Hey, Terry- playtime is August to February, ok? Nobody gives a flying damn about you or your life when you aren't discussing the upcoming football game. (Why anyone would be interested in you or your life while you ARE discussing the upcoming football game, I can't explain. Then again, I can't remember the last time I heard you talking about anything remotely connected to football. But maybe that's because I don't understand Bradshawese- or have just trained myself to tune out your "funny" ravings.) I don't care how you used to be a fat moron and now, after only a few months of living off of processed food product delivered right to your door, you are now a somewhat less fat moron.

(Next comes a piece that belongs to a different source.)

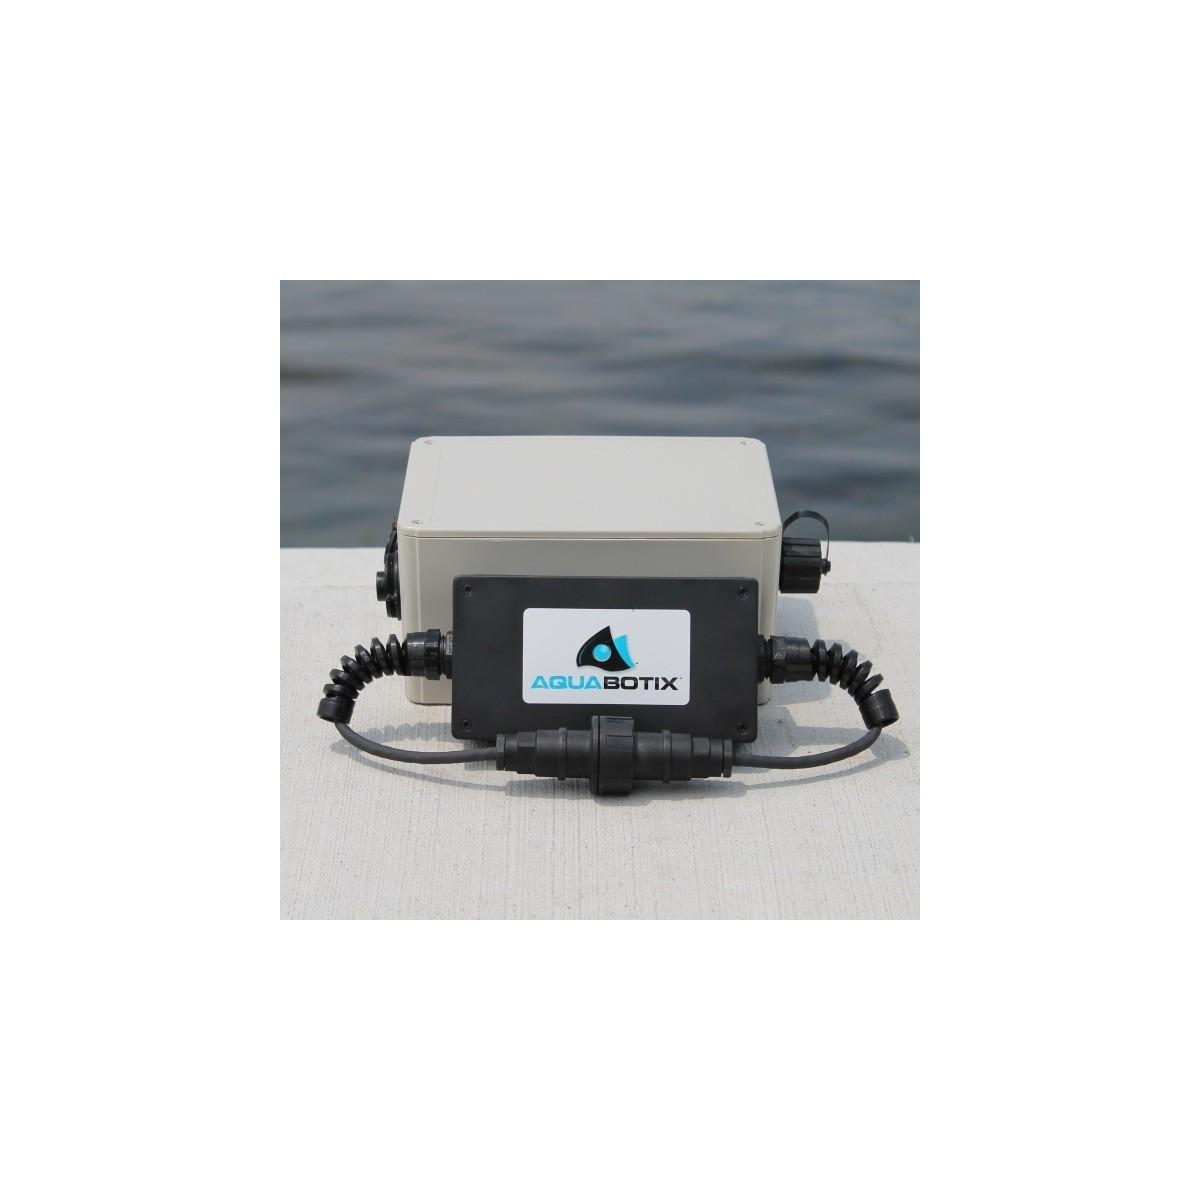 Aquabotix Extended Range Topside Box for Endura ROV

Then again, I don't care that you were an All Star Quarterback several decades ago. All I know is what you are now- a foaming-at-the-mouth attention junkie who enjoys yukking it up with your fellow millionaire grinning marionettes in a studio for 25 minutes before each game. Talking about almost anything except football.

So please, stay off my television until around Labor Day, ok? Hey, it will give you more time with your mirror. And to contemplate a well-deserved retirement. Just a thought.